Best Equity Research Firms
Below are some of the top-ranking equity search firms.
- JP Morgan—J.P. Morgan’s Research team uses state-of-the-art technologies and innovative tools to provide clients with top-notch analysis and investment advice.
- Barclays—The equity research teams cover hundreds of stocks across the Americas and Europe, delivering event analysis, stock ideas, and sector themes. They collaborate with other teams to offer clients unique, cross-asset perspectives on industries and markets.
- Credit Suisse AG—The team has original research on over 3,000 companies with thought-provoking thematic analysis, differentiated trading ideas, and coordinated global views.
- Bank of America Financial Center—The company offers comprehensive research and analysis for both institutional and retail clients. It encompasses over 4,000 companies across 35 global sectors in developed and emerging markets. Its research involves fundamental and technical analysis as well as hedging strategies.

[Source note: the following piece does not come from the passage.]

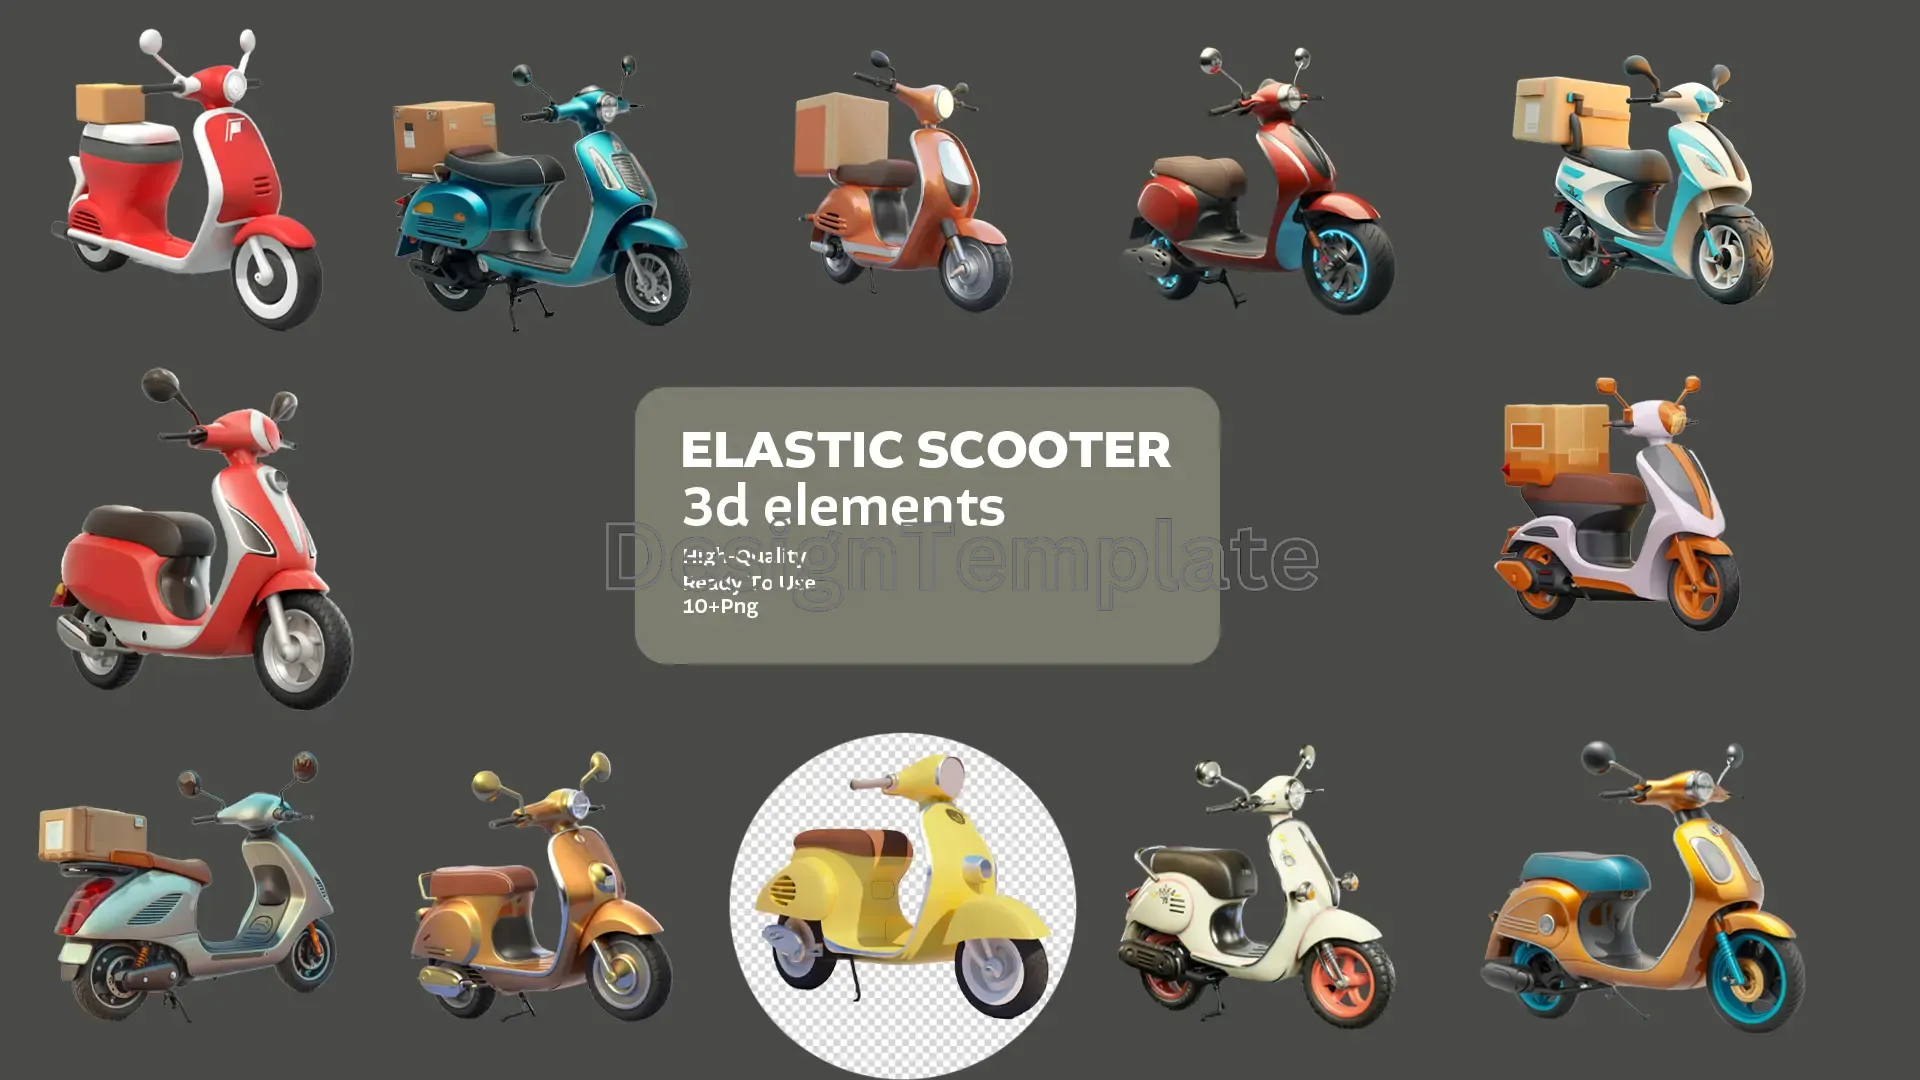 Urban Glide Elastic Scooter 3D Elements Pack image

- Morgan Stanley—Through timely, in-depth analysis of companies, industries, markets, and world economies, Morgan Stanley has earned its reputation as a leader in investment research.

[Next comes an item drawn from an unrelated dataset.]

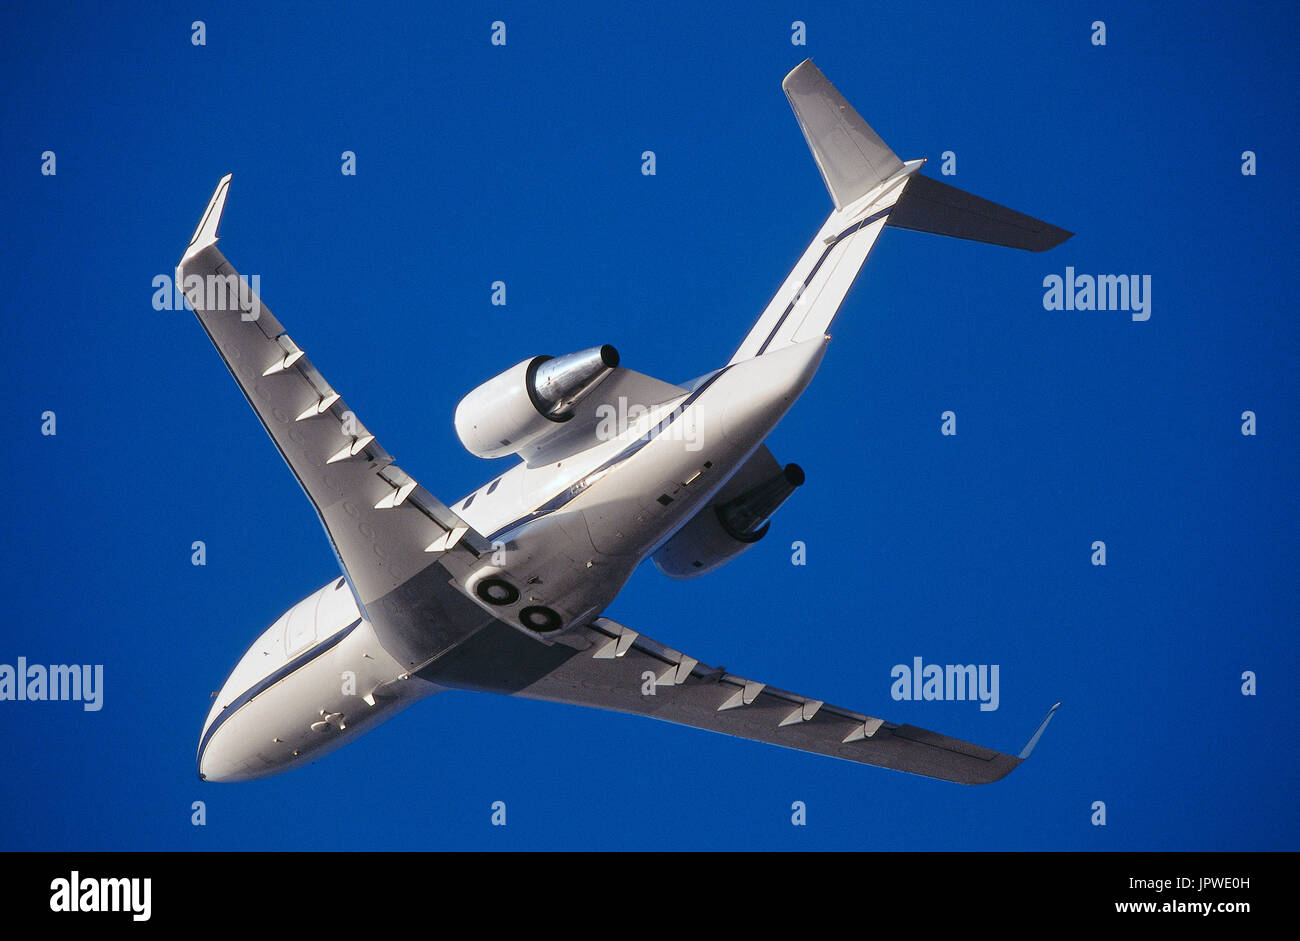 Bombardier Challenger CL-600 flying enroute Stock Photo

Things to consider when hiring an equity research firm
When evaluating an equity research firm, it’s essential to consider the experience and reputation of its analysts, the firm’s track record of accurate stock picks and recommendations, the depth and quality of their research reports, the firm's access to company management and industry experts, their industry specialization, the firm's coverage universe, the timeliness of their research, and the overall transparency and integrity of their research process.
How to get into equity research
If you are considering entering the equity research space, you will likely need a finance, accounting, or economics background. Many professionals in this field begin with a bachelor's degree in finance or a related field. Those seeking career advancement often pursue a master's degree or a CFA designation to enhance their resume.
Research assistant, junior analyst, or equity research associate are common entry-level roles. Advancing in your career will require gaining experience in financial analysis, modeling, and report writing. Developing a solid network of connections within the industry is also crucial for discovering new opportunities in equity research. Like all areas of business, networking is critical.
Staying up to date on the latest trends and news within the equity research space is important for understanding the workings of the stock market and developing strong analytical and critical thinking skills. This is crucial for ensuring high-quality, long-lasting success in equity research.
The Importance of Equity Research
As we've discussed, equity research is essential for investors as it provides valuable information and investment recommendations. It involves digging into company finances, creating financial models, and meeting with industry experts.
Equity research supports investment decisions, evaluates securities, and guides investors and fund managers. For example, it helps predict the future growth potential of tech companies, find investment opportunities in the pharmaceutical industry, and understand how macroeconomic trends affect different sectors and stocks.
Final Thoughts
Equity research is crucial in empowering investors to make informed investment decisions. Through comprehensive analysis of financial data, market trends, and company performance, equity research provides valuable insights that enable investors to identify attractive opportunities and manage their portfolios effectively. By leveraging the expertise of research analysts and utilizing robust analytical techniques, investors can gain a deeper understanding of the risks and potential returns associated with specific investment opportunities. Ultimately, equity research is a fundamental tool for institutional and retail investors, helping them navigate the complexities of the financial markets with confidence and clarity.